_Task instructions_.
A word-for-word retyping of the listing below is required, with the pictures dropped.

_Information provided_.
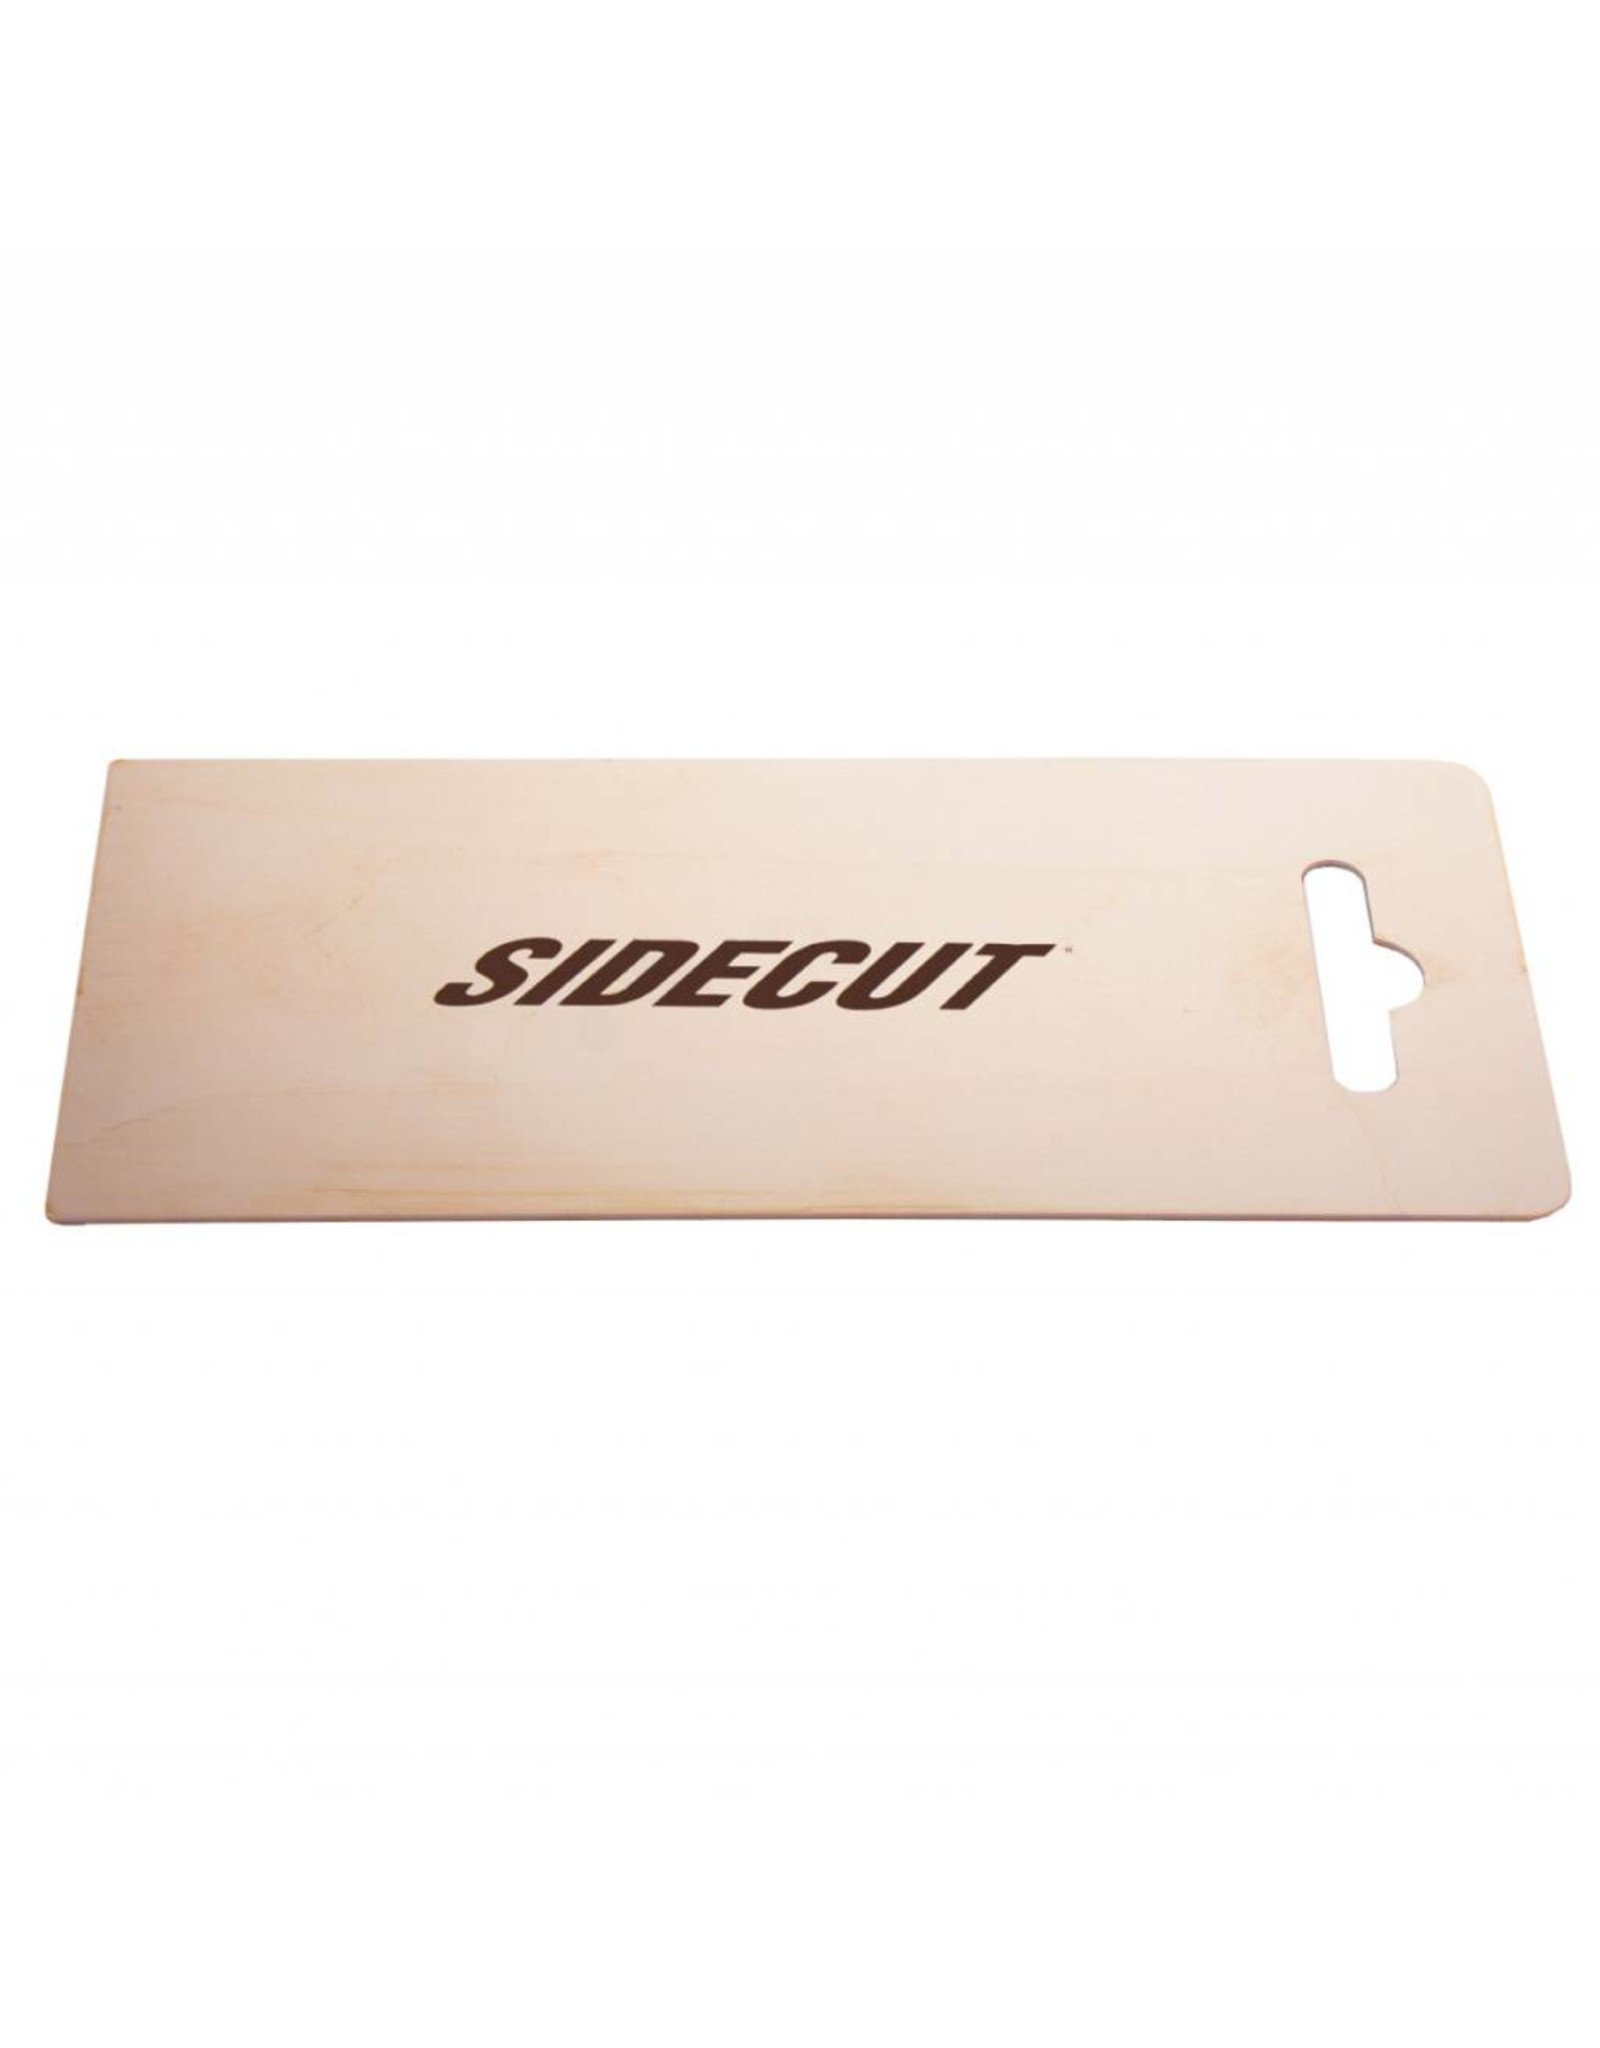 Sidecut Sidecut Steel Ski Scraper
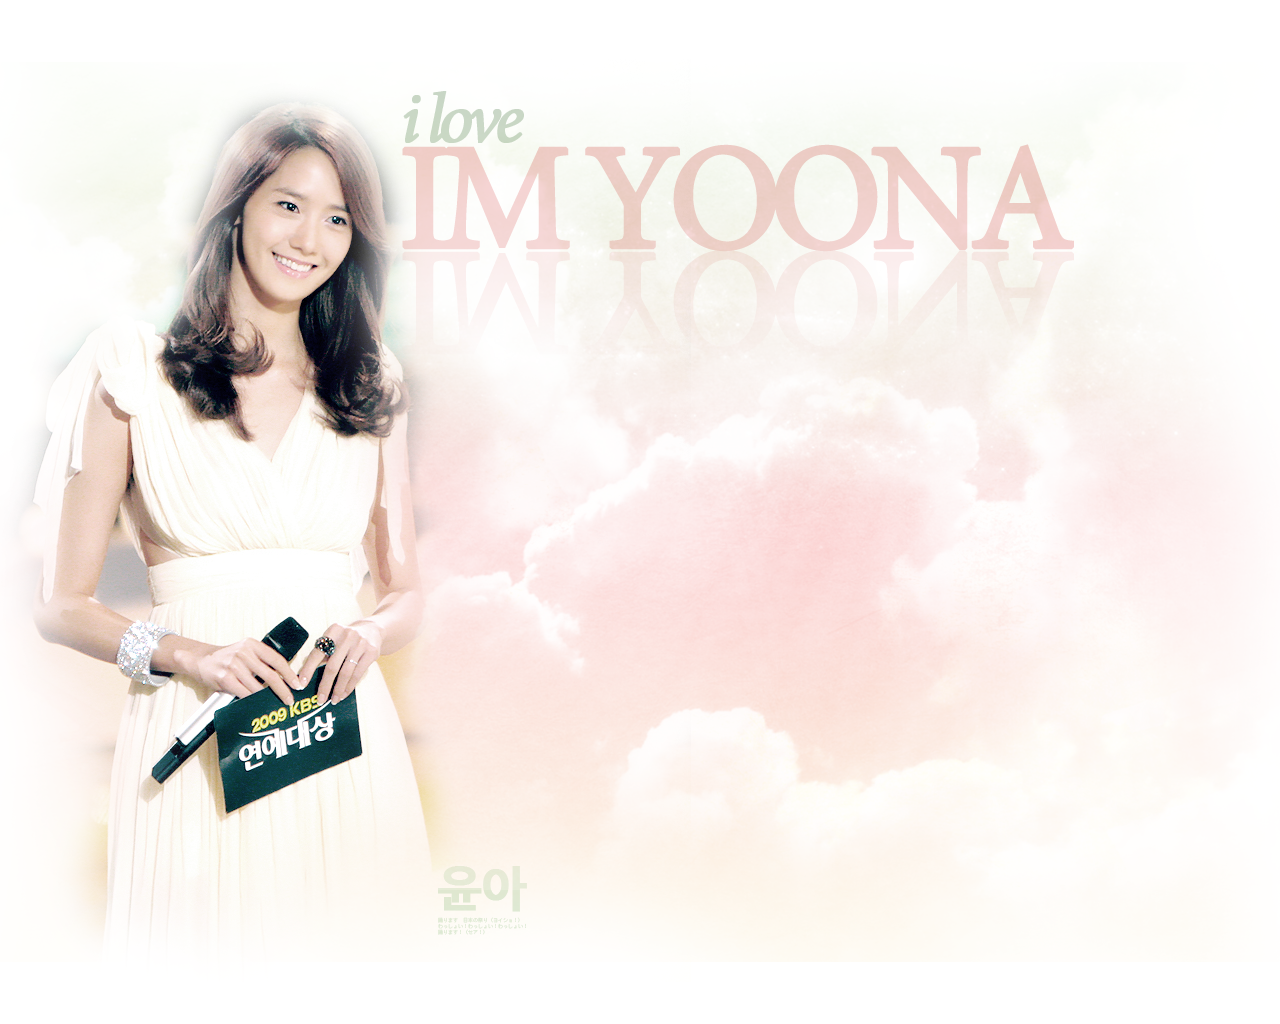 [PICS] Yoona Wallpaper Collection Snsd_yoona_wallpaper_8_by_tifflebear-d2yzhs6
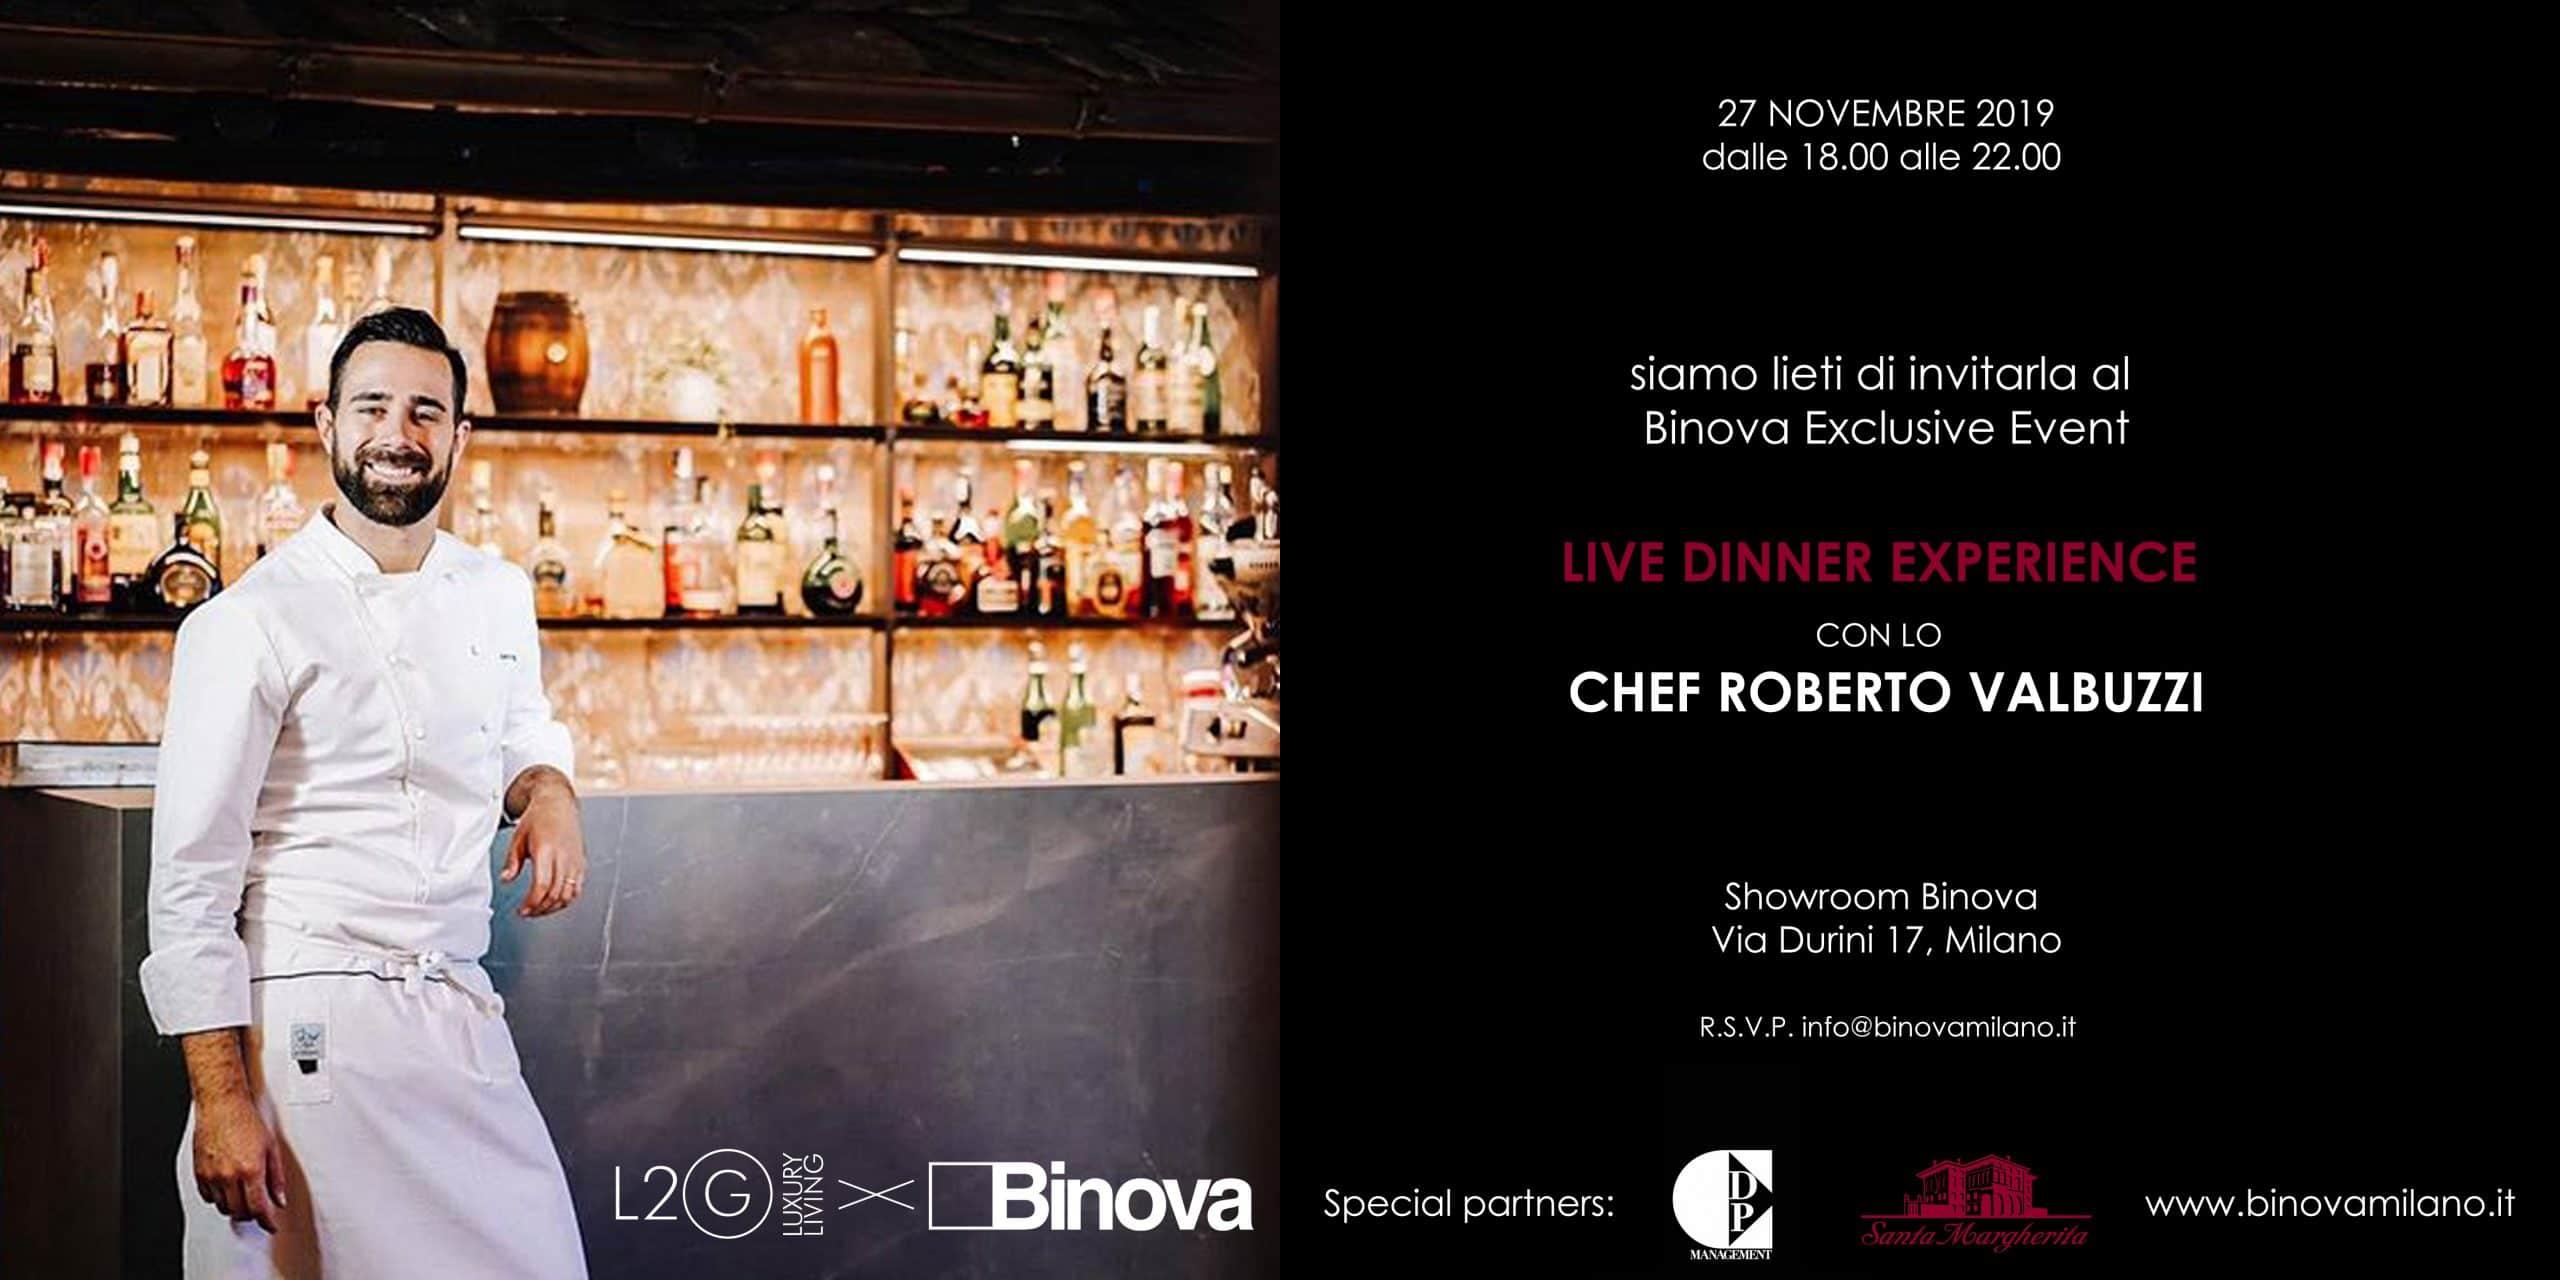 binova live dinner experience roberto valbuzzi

_Exercise solution_.
 Sidecut Sidecut Steel Ski Scraper
 [PICS] Yoona Wallpaper Collection Snsd_yoona_wallpaper_8_by_tifflebear-d2yzhs6
 binova live dinner experience roberto valbuzzi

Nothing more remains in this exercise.